“Super Junesday” Marks Uneven Debut for Large Scale Mail-in Voting

Yesterday’s primary elections were a referendum on the nation’s readiness for mail-in voting in November’s general election as much as the candidates themselves— and the results were middling.

In remote voting’s first big test of 2020, eight states and the District of Columbia went to the polls yesterday. Five of those states had pushed back their primaries to June 2 due to the pandemic.

The nation’s patchwork of “no-excuse” absentee voting, mail-in voting and early voting has been complicated by politics, legal questions, ballot delivery delays as the Postal Service struggles to keep up and other logistical challenges.

As local officials encouraged voters to participate in expanded mail-in-balloting, pandemic voting protocols included social distancing at the polls, waived absentee-excuse rules, and in DC, allowing voters to cast their ballot at any polling place in the city.

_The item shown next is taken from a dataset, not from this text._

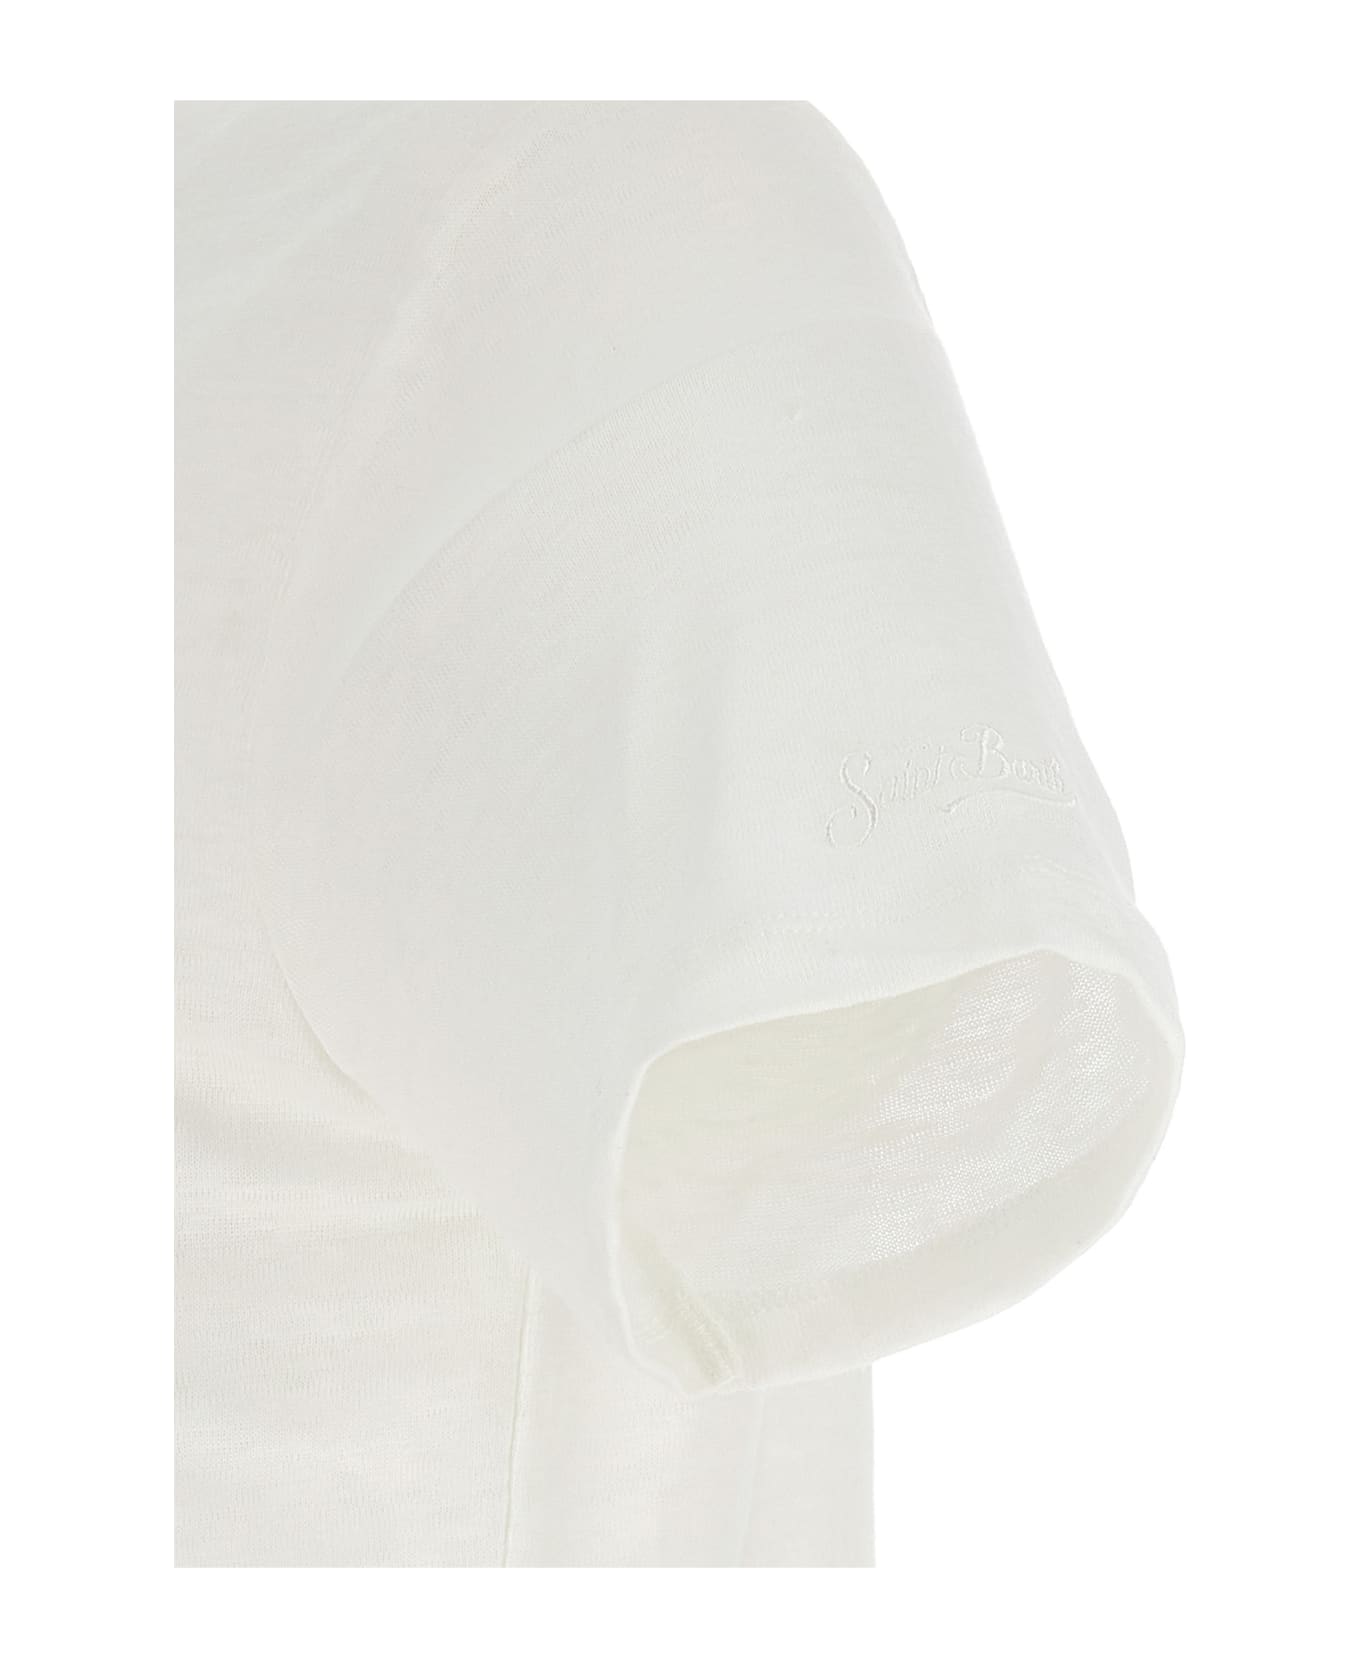 MC2 Saint Barth 'ecstasea' T-shirt - White シャツ

Voters encountered failed voting machines in Pennsylvania, thousands of missing mail-in ballots in DC, and long lines in Baltimore exacerbated by reduced polling locations and social distancing. Some polling stations closed well after midnight.

Eighty-six percent fewer voting locations than normal were open in DC, and 90 percent fewer in Indianapolis. Only six voting locations were open in Baltimore.